Cache Hierarchy Design:
The proposed DSP processor consists of 8 DSP cores operating in parallel. Each of these DSP cores should be able to access a data cache. Our architecture will have 8 caches connected to 8 DSP cores via a fast interconnecting switching fabric. This fabric will be controlled by a controller, which will decide the port allocation and resolve any conflicts. This approach increases hit time than that of caches local to every core, but it solves the cache coherency problem and also increases the cache memory size and reduces the bus activity. Reducing the bus activity will reduce the power consumption and increase in memory size will increase hit ratio.
C. Division/Square-Root Coprocessor:
A fully functional 8-bit prototype of a Shared Division and Square Root Chip has been developed using Mentor tools. The designed chip uses the Radix-2 SRT Division and Square Root Algorithm. Two different division algorithms namely Svoboda-Tung (ST) and Sweeney Robertson Tocher (SRT) Division Algorithms were evaluated in the course of the design. The SRT Division and Square Root Algorithms were chosen in view of the close similarity between the two, thus leading to maximum hardware sharing. Moreover HEAT simulations for power consumption indicate that the two consume similar quantity of power. The apparent advantage for ST Algorithm is in terms of speed due to the possibility of carrying out signed digit arithmetic, thus reducing the delay of the adder chain to a single Full Adder(FA). However a novel idea of implementation of a Divider using Carry Save Adders is being explored, which will allow the SRT Dividers to have only a single FA delay in their adder chains. In view of the above discussion and the ease of coding the SRT Algorithms, Radix-2 SRT Division and Square Root Algorithms stand out as the clear choice for implementation in the proposed chip.
The chip also uses various Error status signals to indicate status and type of error occuring in the operations.

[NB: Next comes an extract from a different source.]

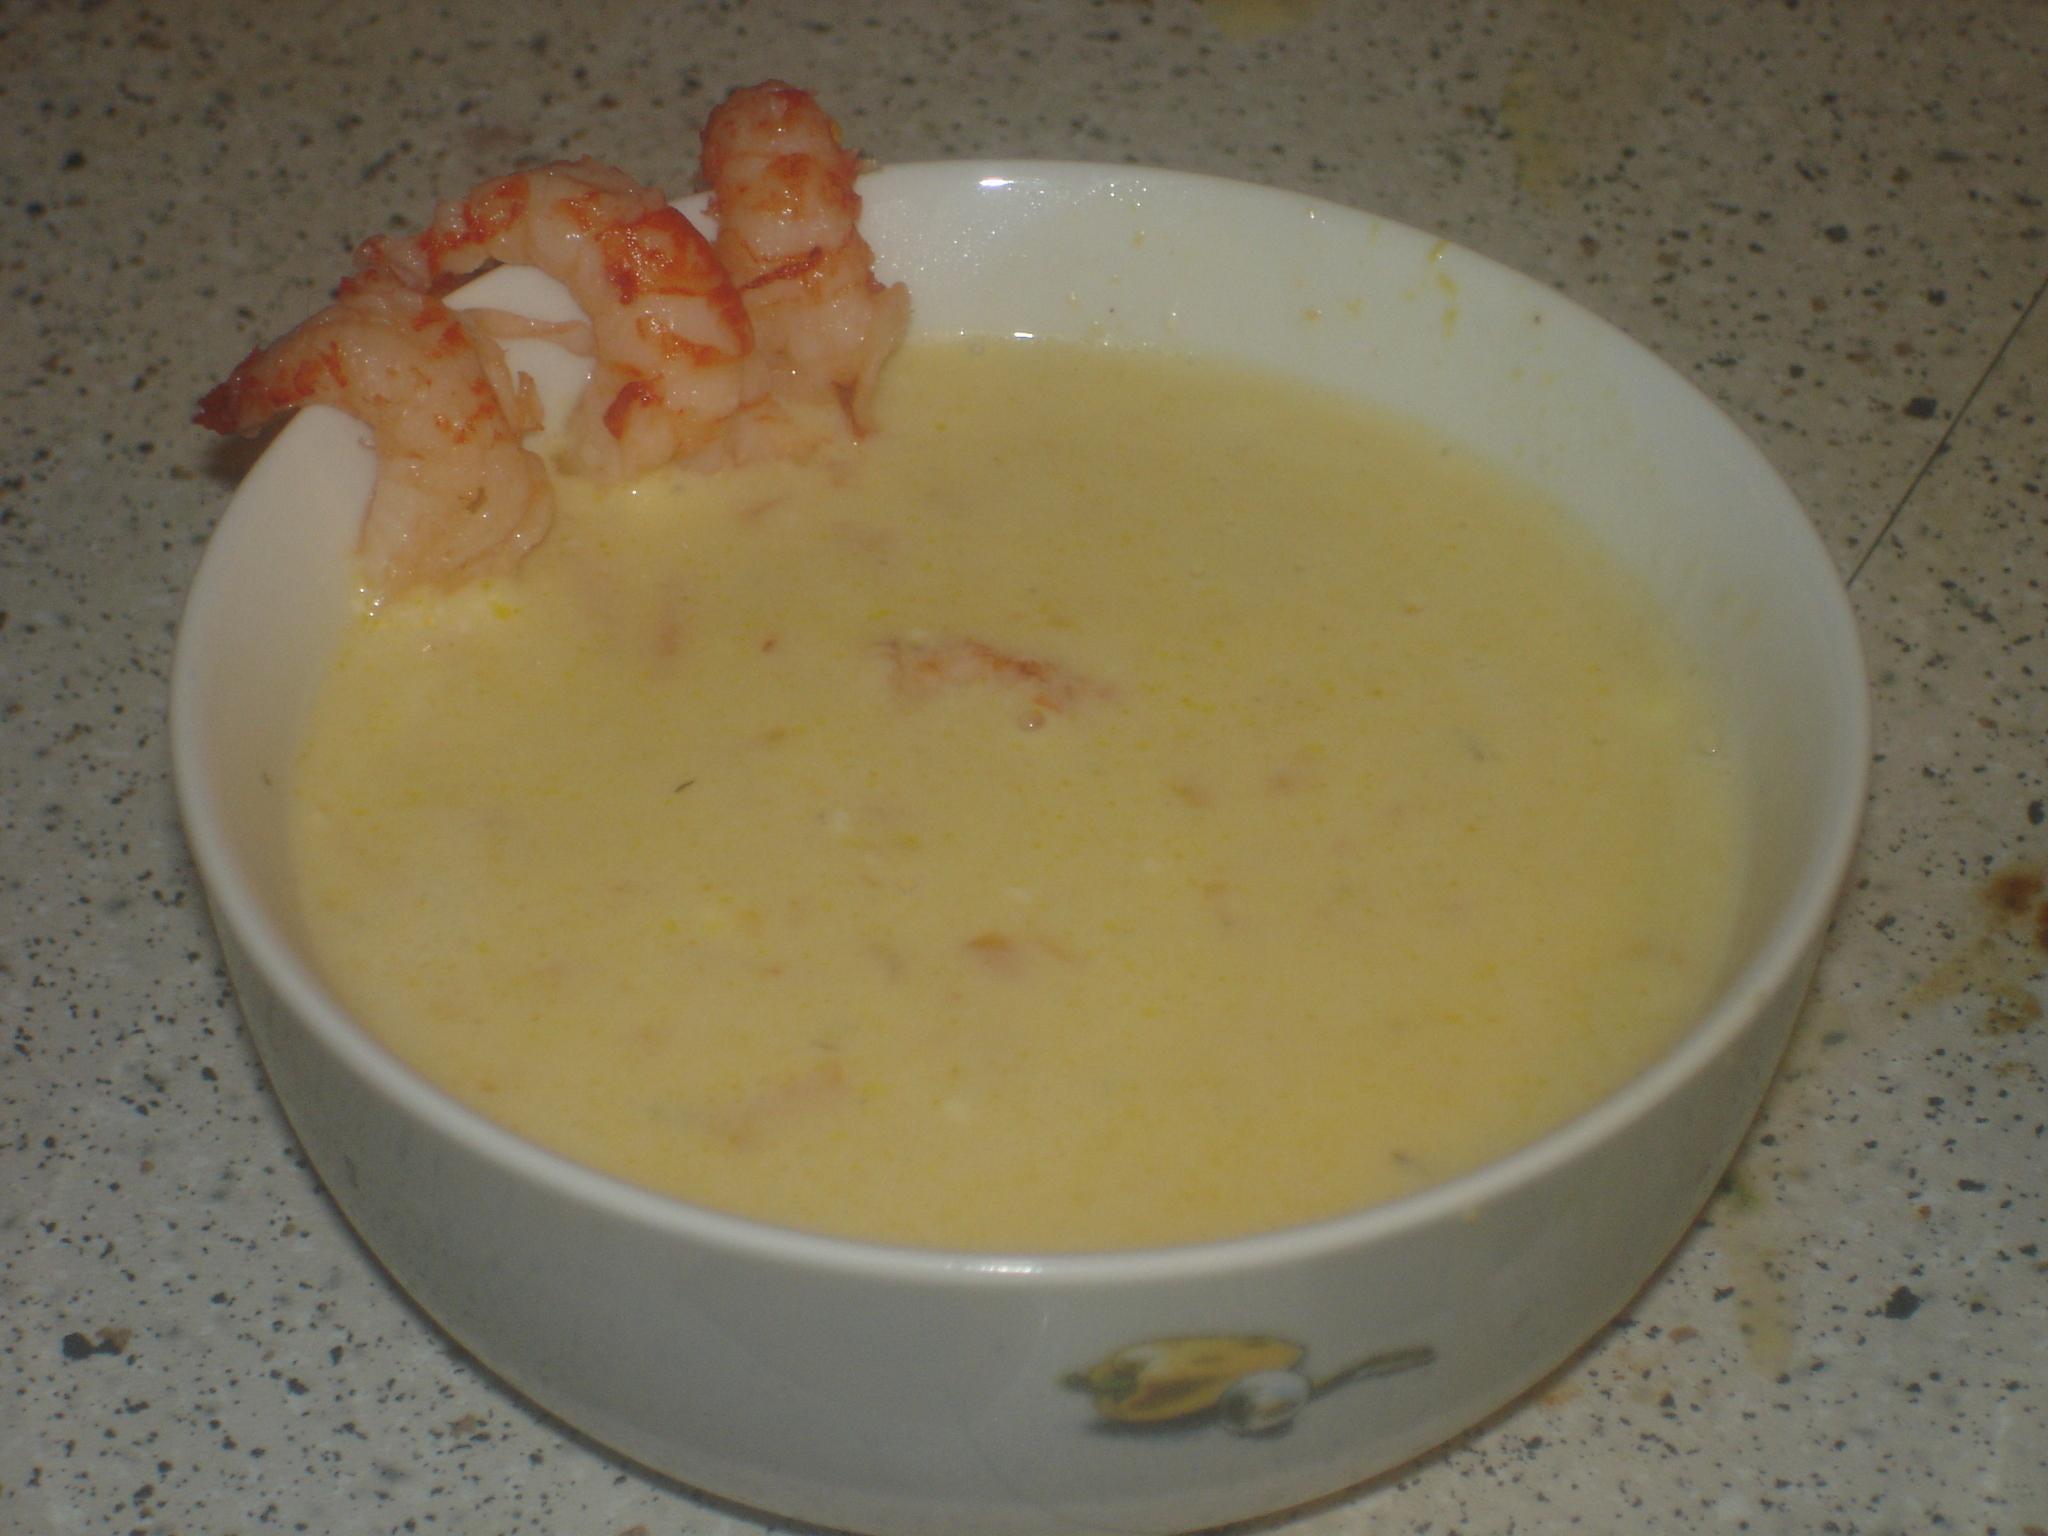 kräftost soppa med kräftstjärtar

Handshaking signals are used for error acknowledgements (using single bidirectional ACK pin). Other standard signals such as Request, Reset too are provided on the chip. A novel idea proposed in the implementation is to carry out the operations asynchronously, but to make the control part of the chip synchronized to the global clock. The nice result due to this is that the change in quotient digit size has minimal impact on the frequency of the clock (though the latency of operations in terms of # of clock cycles will of course change).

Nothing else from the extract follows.